GIVEN DATA

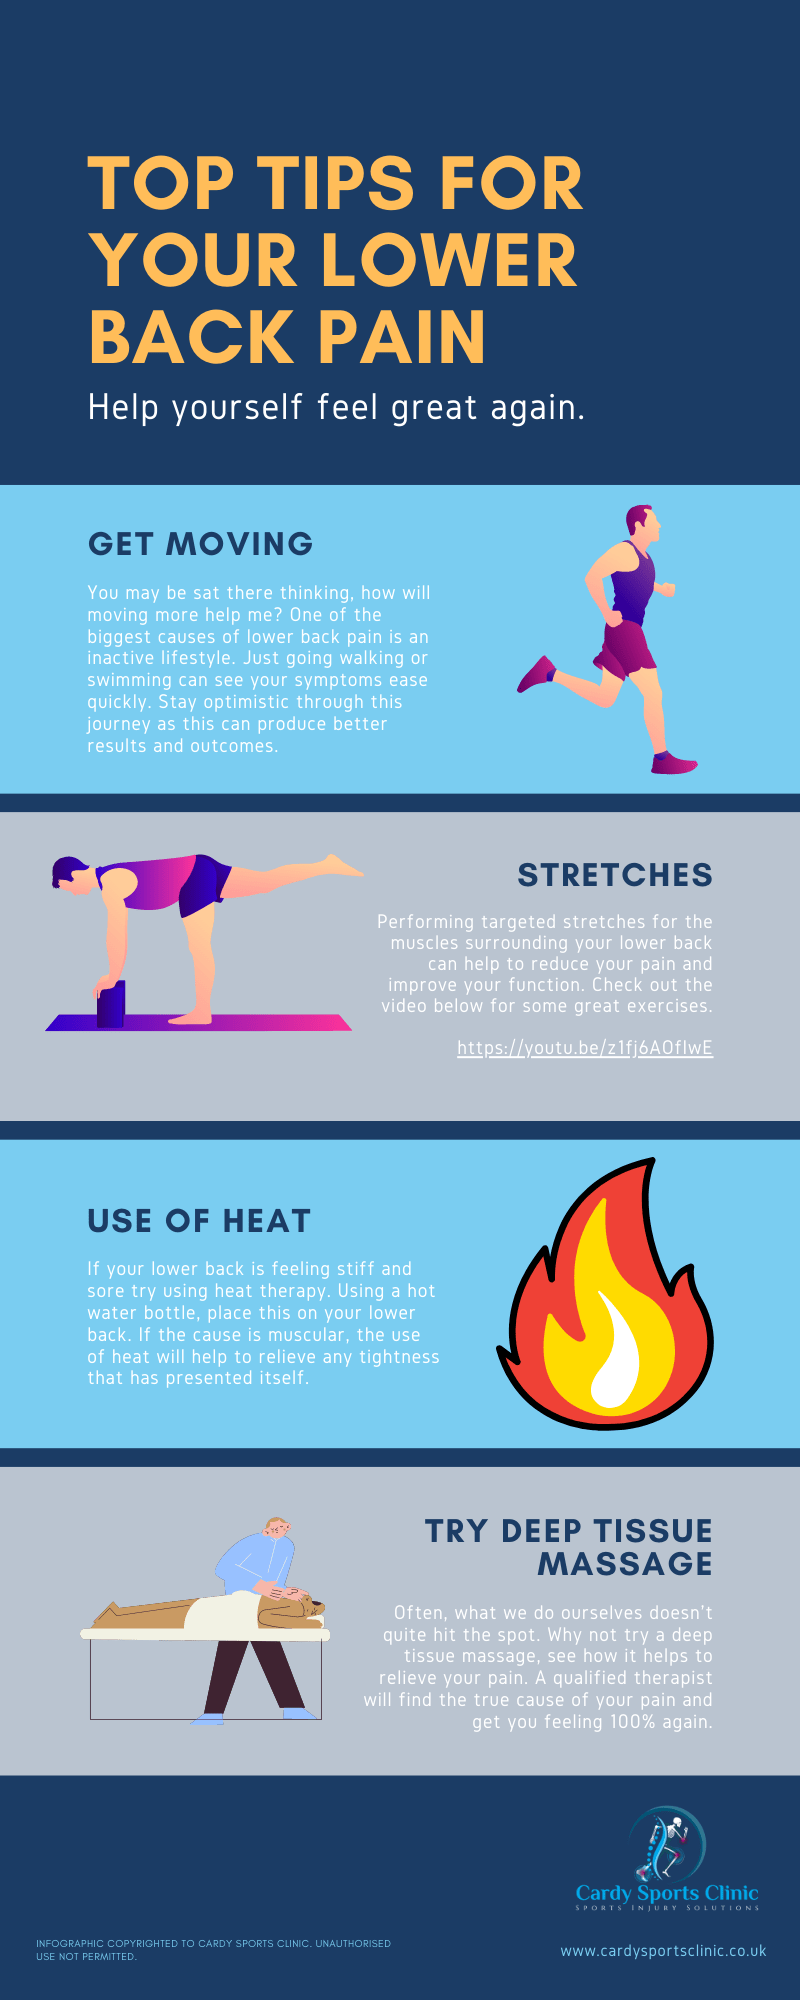 https://www.cardysportsclinic.co.uk/wp-content/uploads/2021/08/Top-Tips-for-Your-Lower-Back-Pain.png
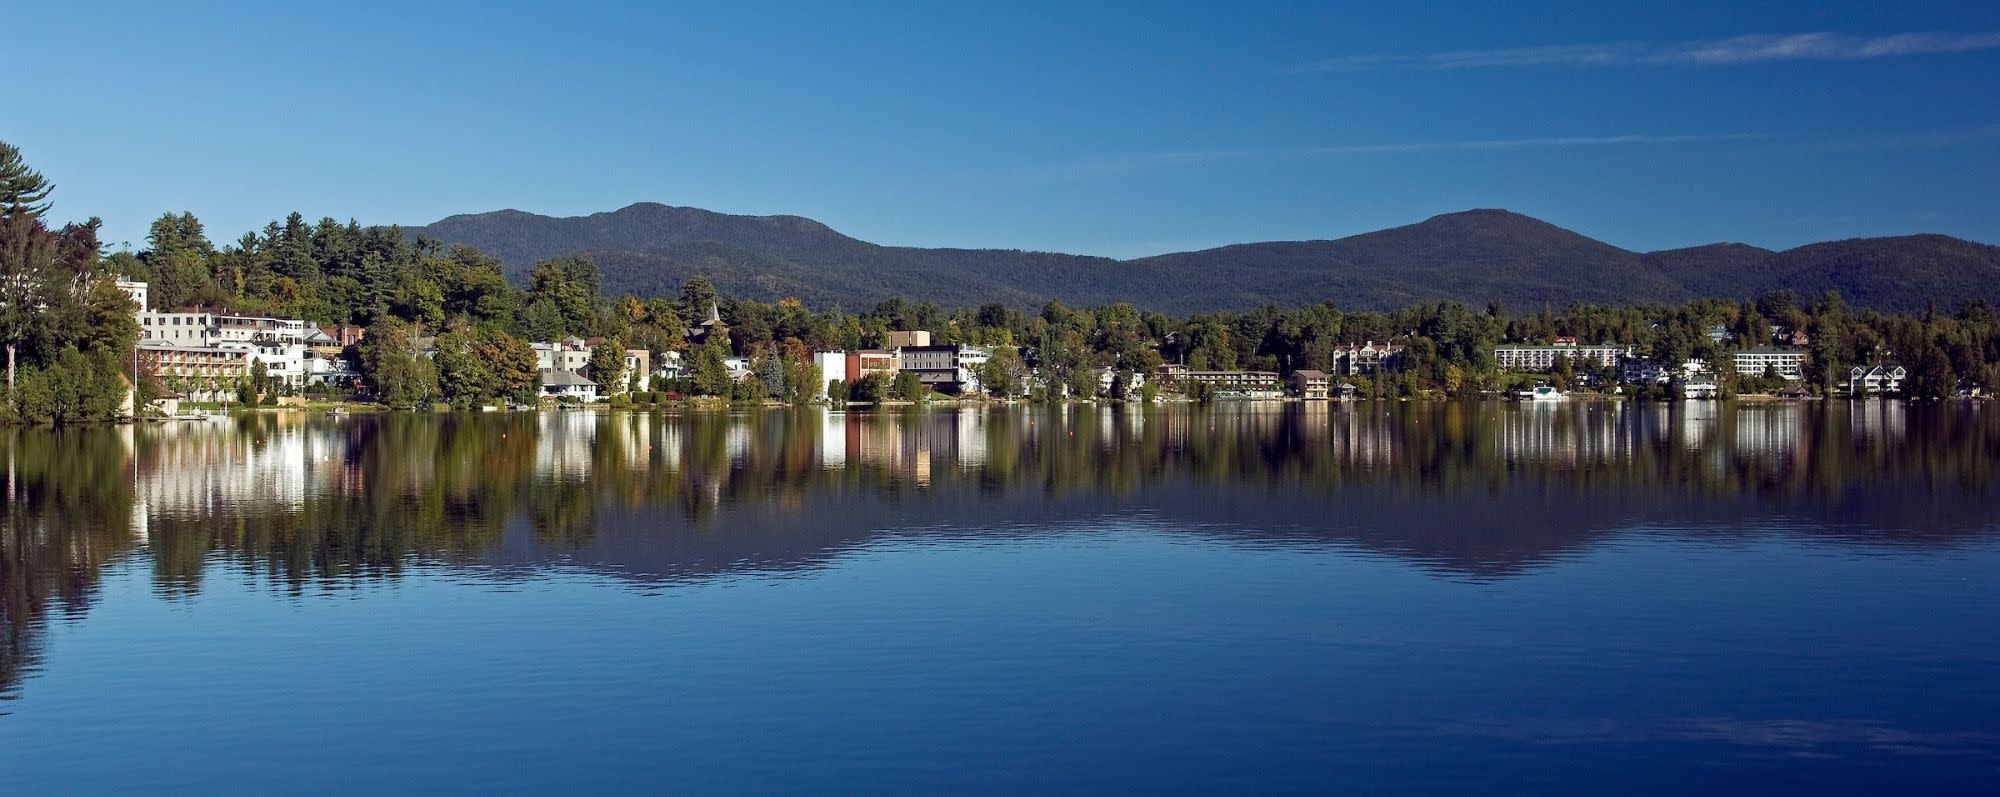 Lake Placid City Guide Hiking Restaurants Things To Do
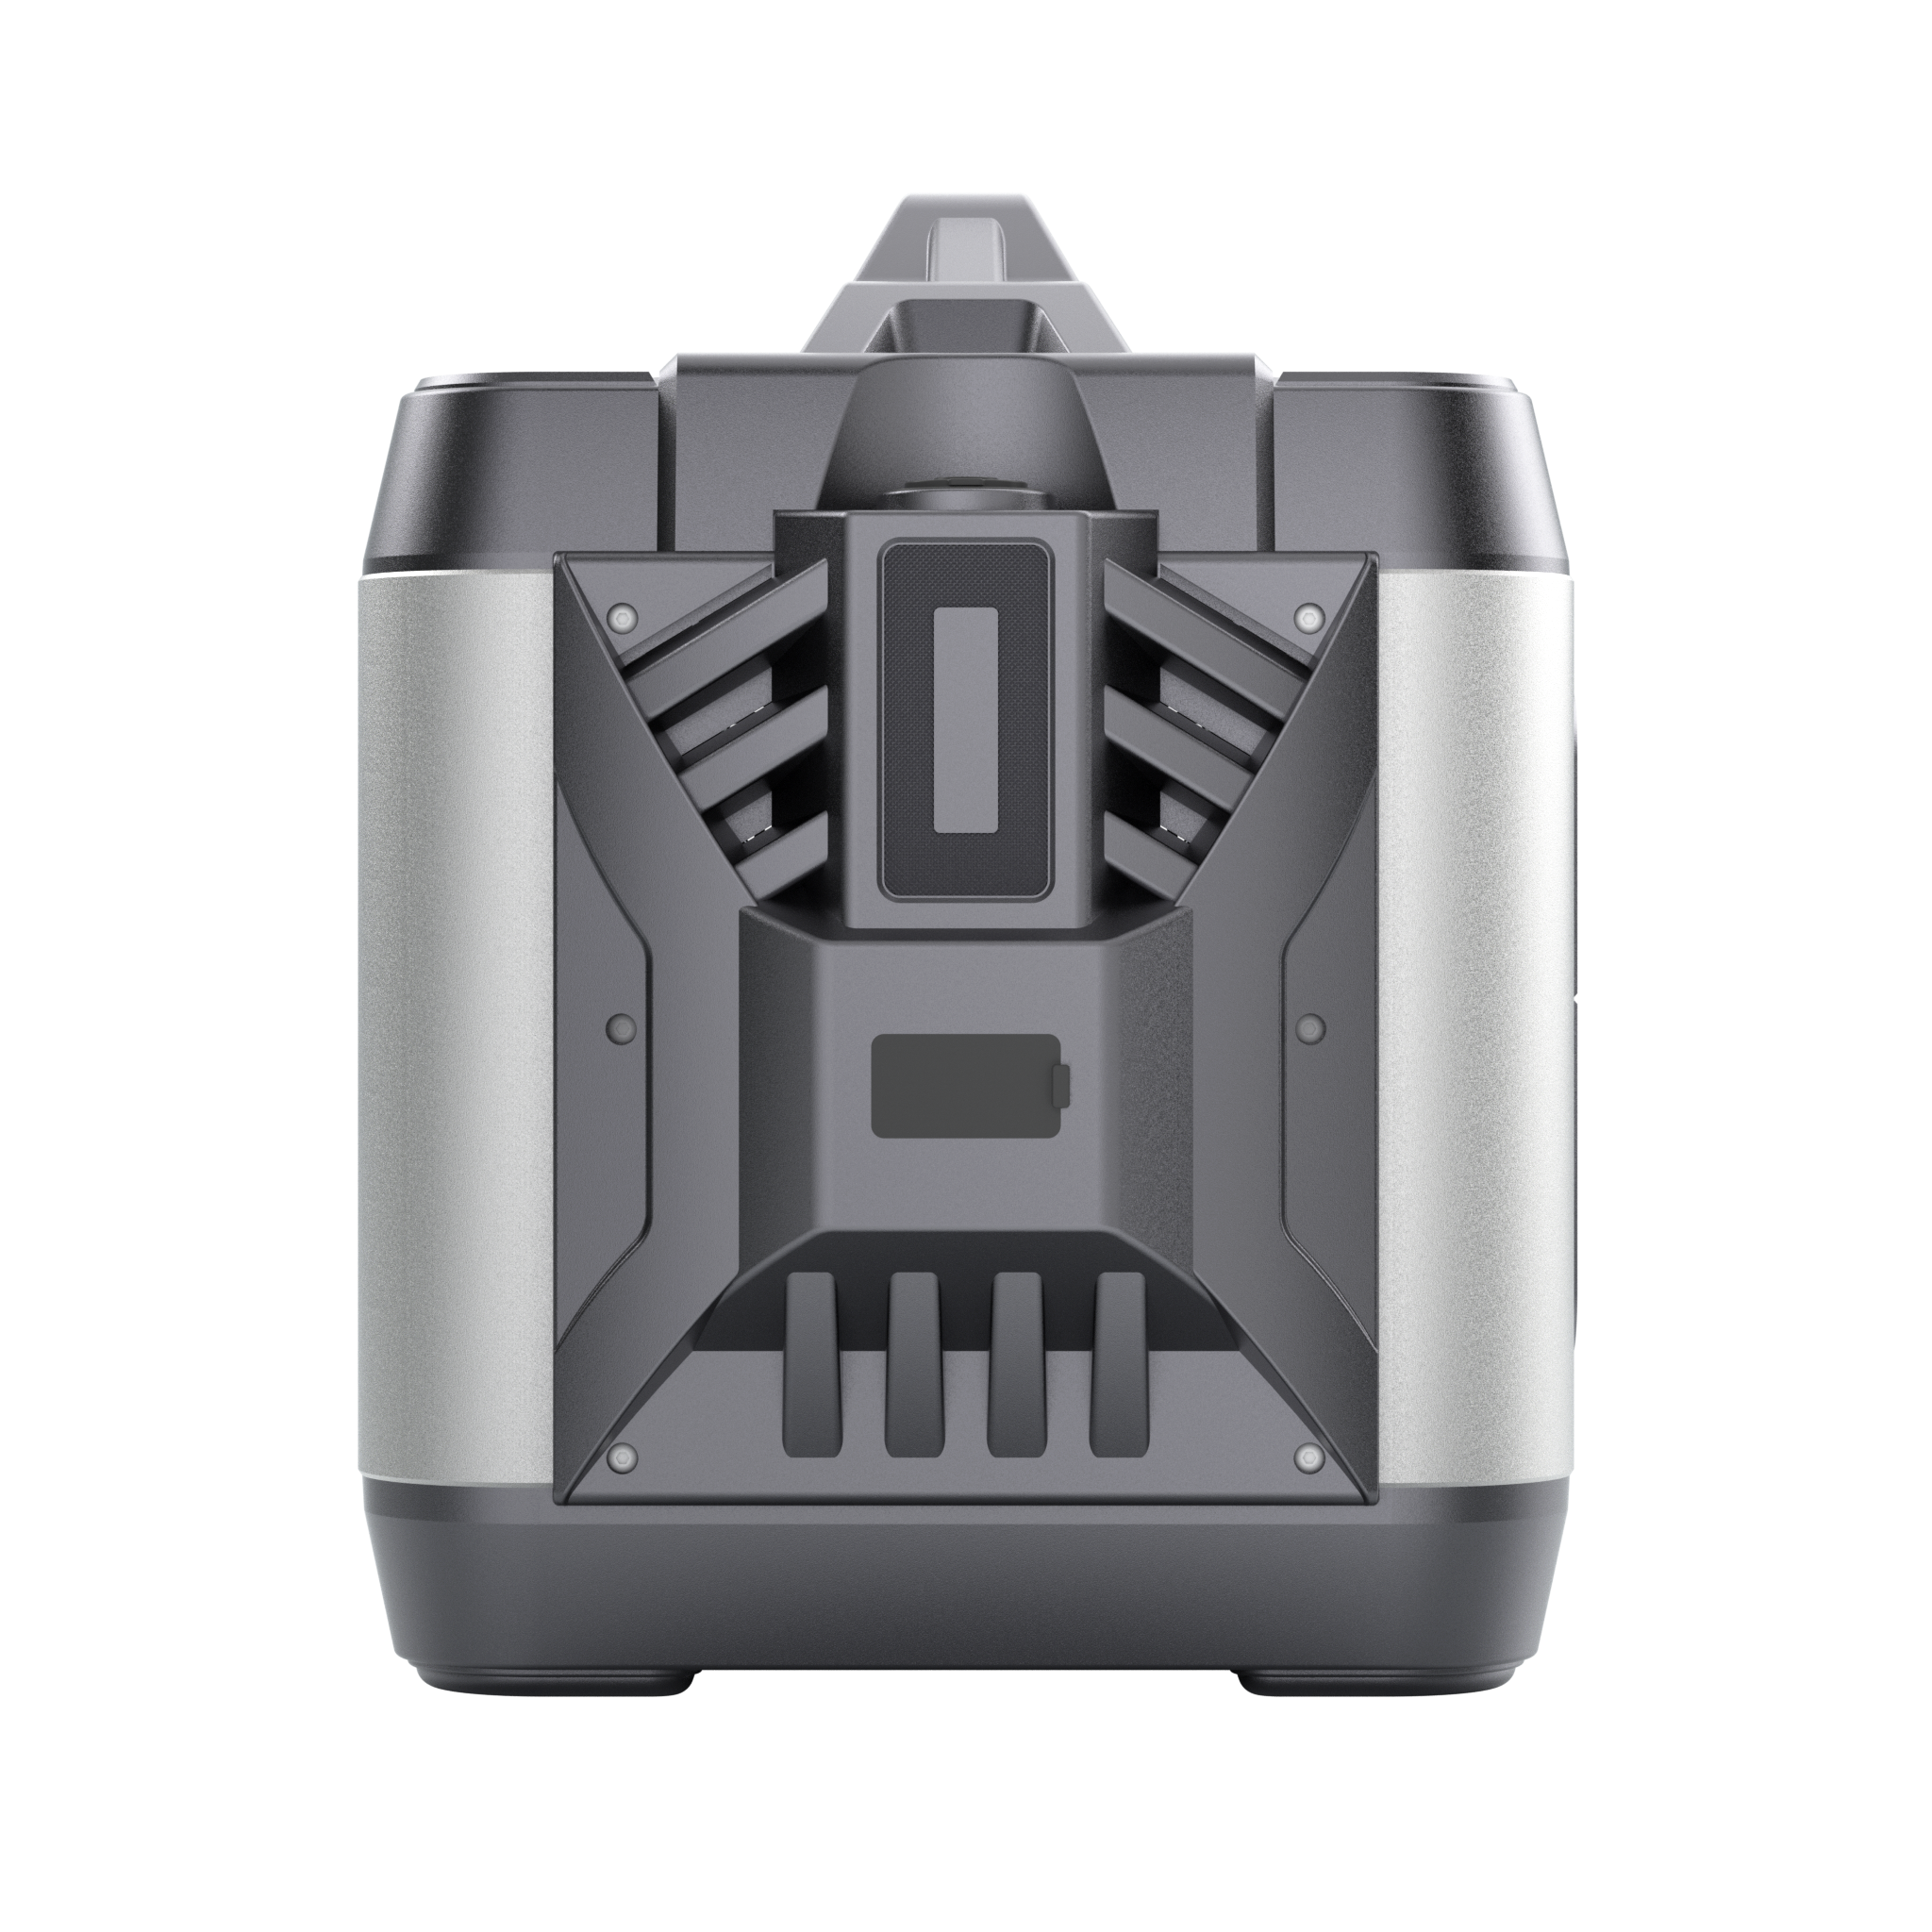 POWEREPUBLIC T3000 portable power station, 3000W 3200Wh,  metallic gray aluminum-alloy body with aircraft wing design, a car charger, an Anderson port, and a handle.

EXERCISE PROMPT
In the copy, include exactly the lines from the one with "Lake Placid City" through the final line of the data, both ends included, and no pictures.

EXPECTED OUTPUT
 Lake Placid City Guide Hiking Restaurants Things To Do
 POWEREPUBLIC T3000 portable power station, 3000W 3200Wh,  metallic gray aluminum-alloy body with aircraft wing design, a car charger, an Anderson port, and a handle.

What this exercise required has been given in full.